A short, punchy single review reacts to David Bowie’s standalone “Holy Holy” with a mix of bemusement and reluctant admiration, describing it as the “meanest man with a knife in the West” while noting its strangely attractive, almost hypnotic quality.


The reviewer draws playful comparisons to John Wayne defending the Alamo and likens the sound to a “cowpoke from Beckenham,” blending Wild West imagery with Syd Barrett-like eccentricity.


This January 9, 1971 Melody Maker review captures Bowie in a transitional phase — post-folk, pre-glam — when his experimental edge still felt raw and unpredictable to critics.


🗞 Melody Maker

📅 Date: January 9, 1971

⏱ Length: 3 min read


📰 Key Highlights

• Description of “Holy Holy” as the “meanest man with a knife in the West”

• Comparison of the track’s intensity to John Wayne defending the Alamo

• Note on the song’s strangely attractive, hypnotic quality despite its oddness

• Likening Bowie’s delivery to a “cowpoke from Beckenham” with a Syd Barrett-like edge

• Acknowledgement that the record has a compelling, almost addictive sound


📰 Overview

Published in the January 9, 1971 issue of Melody Maker, this brief single review offers an early, slightly bewildered reaction to David Bowie’s standalone single “Holy Holy” on Mercury. The piece reflects the transitional moment in Bowie’s career when he was experimenting with heavier, more eccentric sounds before fully committing to the glam-rock persona that would define him.


📰 Source Details

Publication / Venue: Melody Maker

Date: January 9, 1971

Format: Single review

Provenance Notes: Verified directly from the preserved magazine page; typical short review column with bold headline and dense, opinionated text.


📰 The Story

The review opens with a vivid, almost cinematic description: “Bowie the meanest man with a knife in the West.” It imagines the listener watching John Wayne defend the Alamo on TV and feeling a lump in the throat, then hearing Bowie’s track and experiencing a similar surge of emotion. The reviewer admits the song has a “strangely attractive sound,” comparing it to a cowboy from Beckenham with echoes of Syd Barrett’s eccentric style.

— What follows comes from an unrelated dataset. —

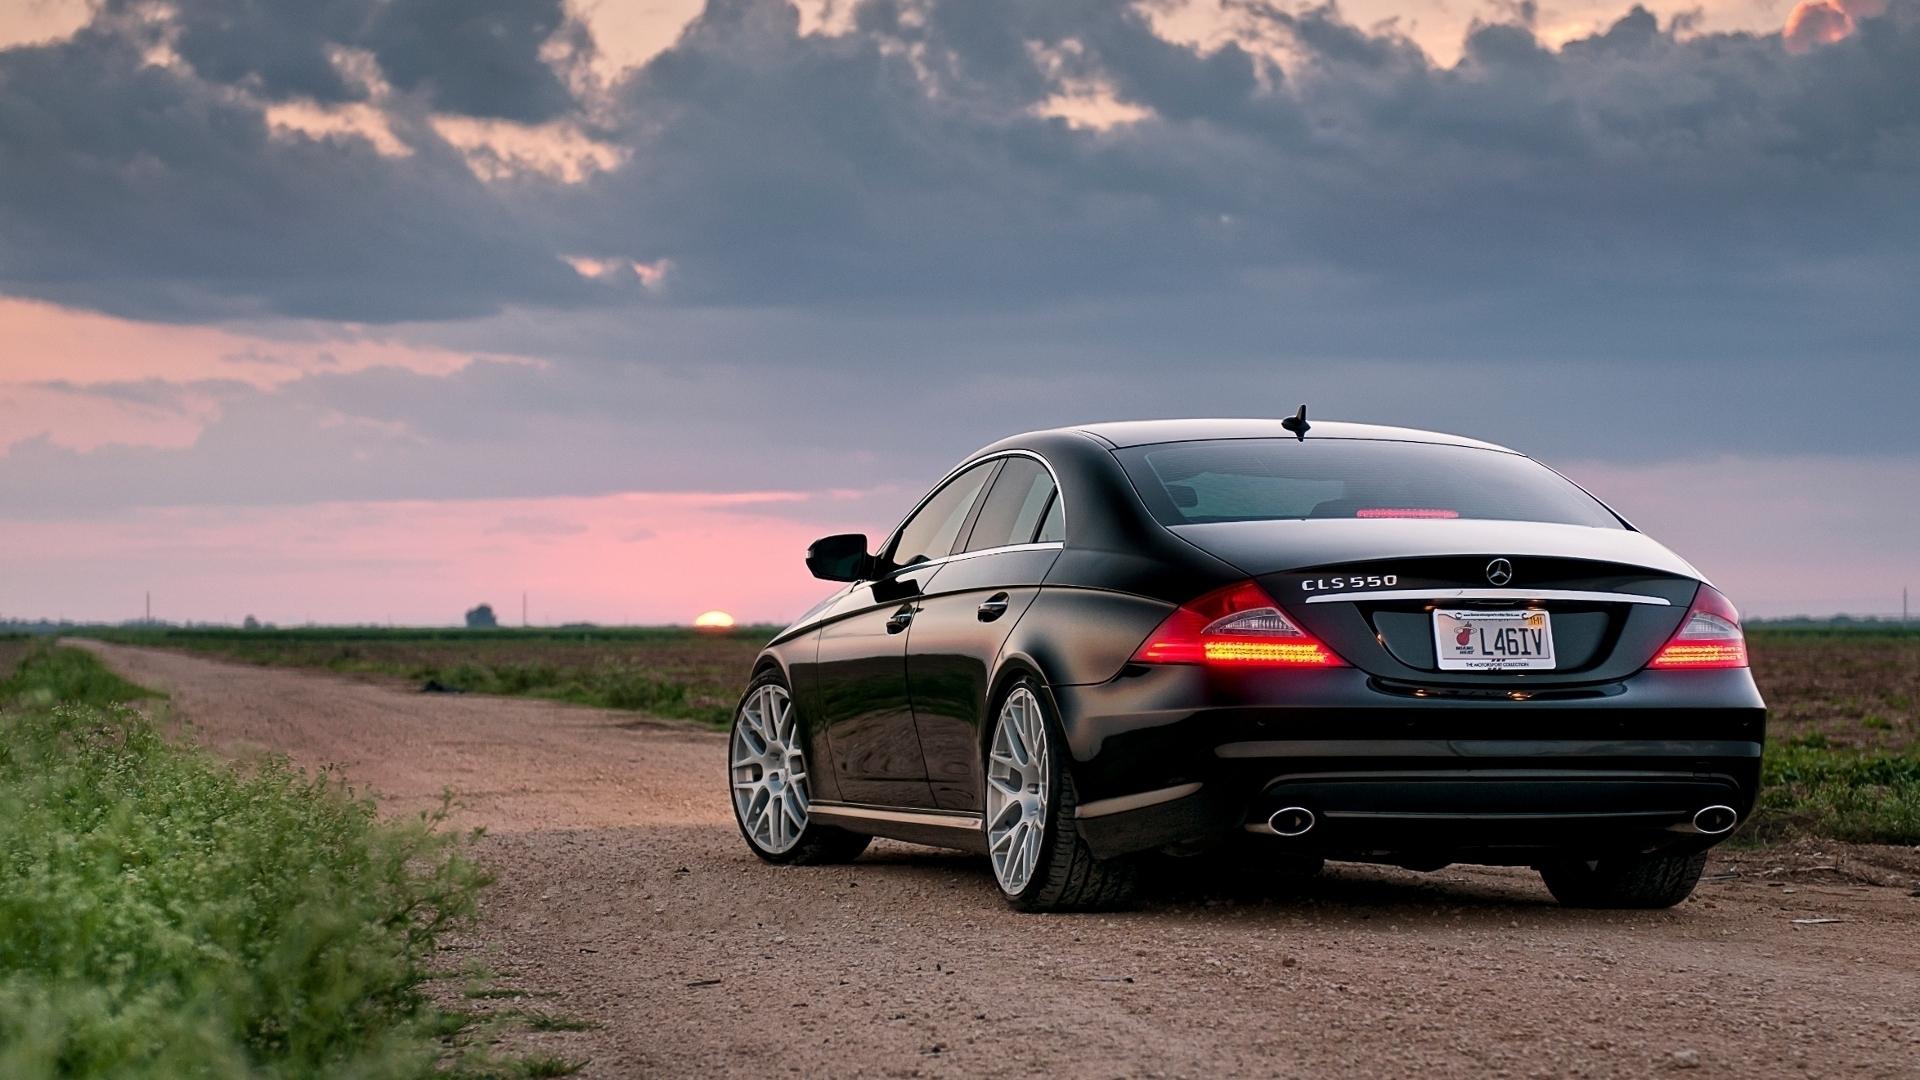 43584 скачать обои Транспорт, Машины, Мерседес (Mercedes) - заставки и картинки бесплатно
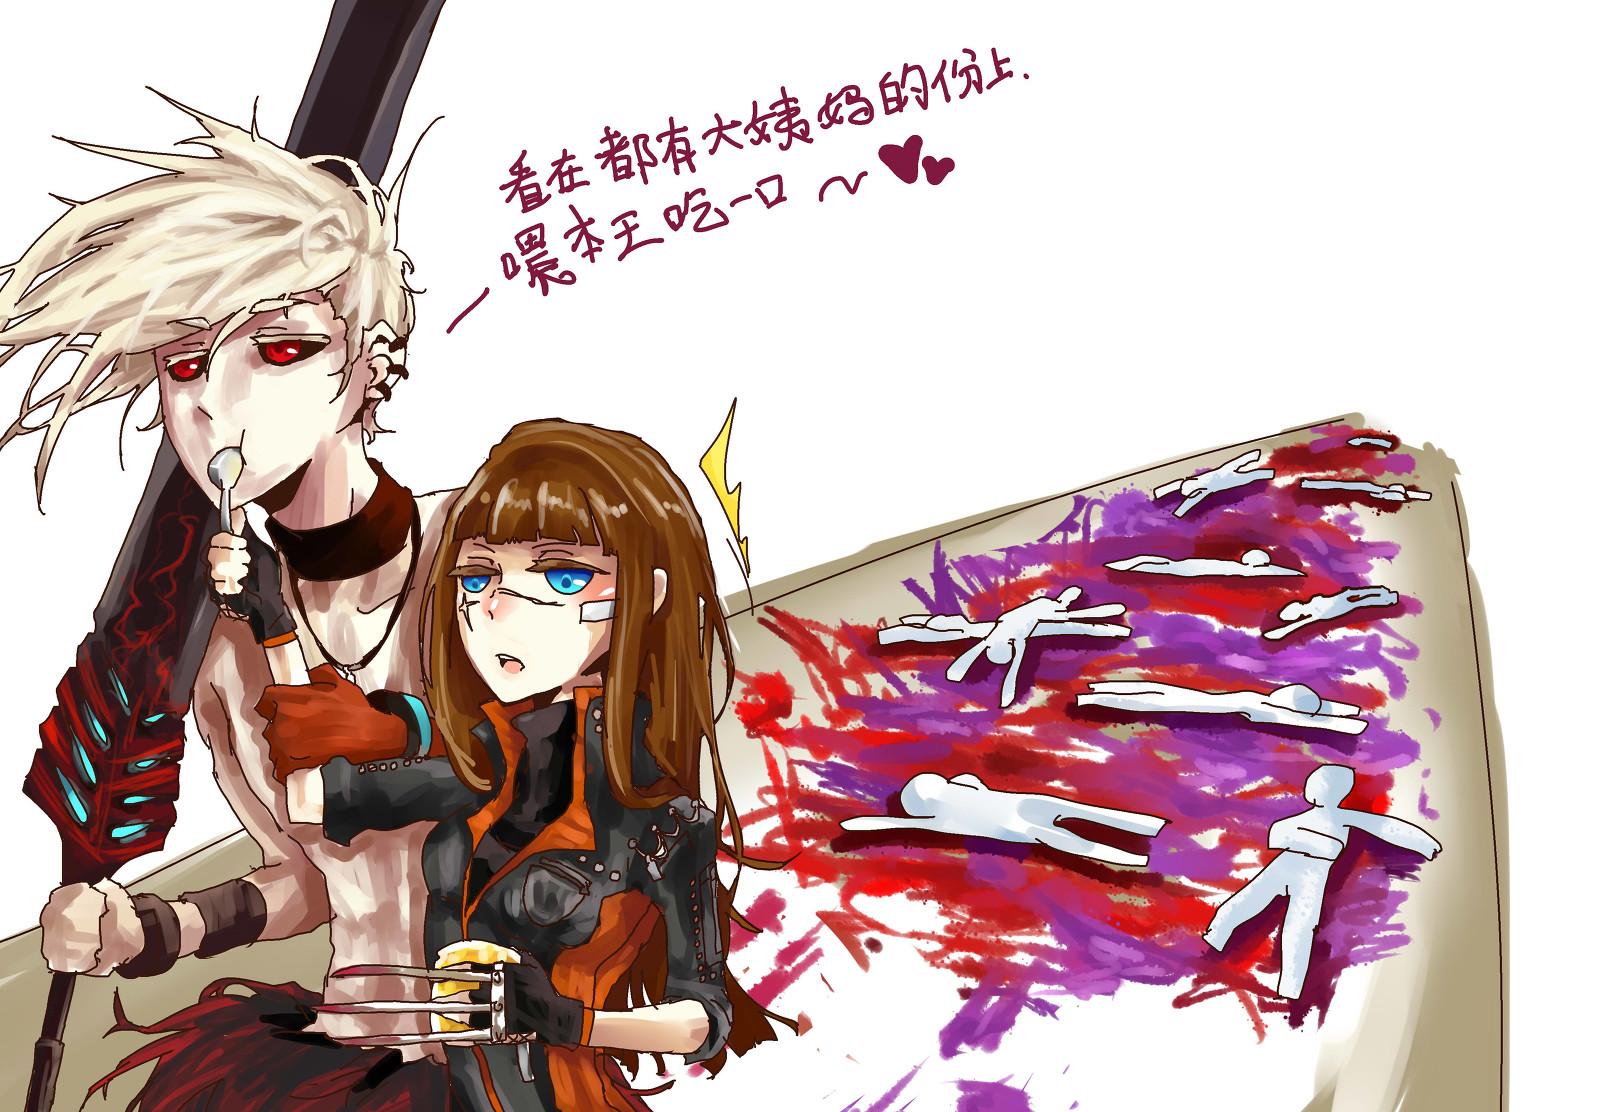 护士 dnf/DNF同人美图第06期 女鬼剑的护士装制服诱惑

Despite its oddity, the track is acknowledged as having a compelling, hypnotic quality that makes it hard to dismiss. The piece reflects the confusion many critics felt toward Bowie’s evolving sound at this stage — raw, theatrical, and difficult to categorise — yet already hinting at the magnetic charisma that would soon make him a star.


📰 Visual Archive


Text-only review column with no accompanying photograph on the visible clipping. The layout features a bold headline “Holy Holy” and dense, conversational prose typical of early-1970s Melody Maker single reviews.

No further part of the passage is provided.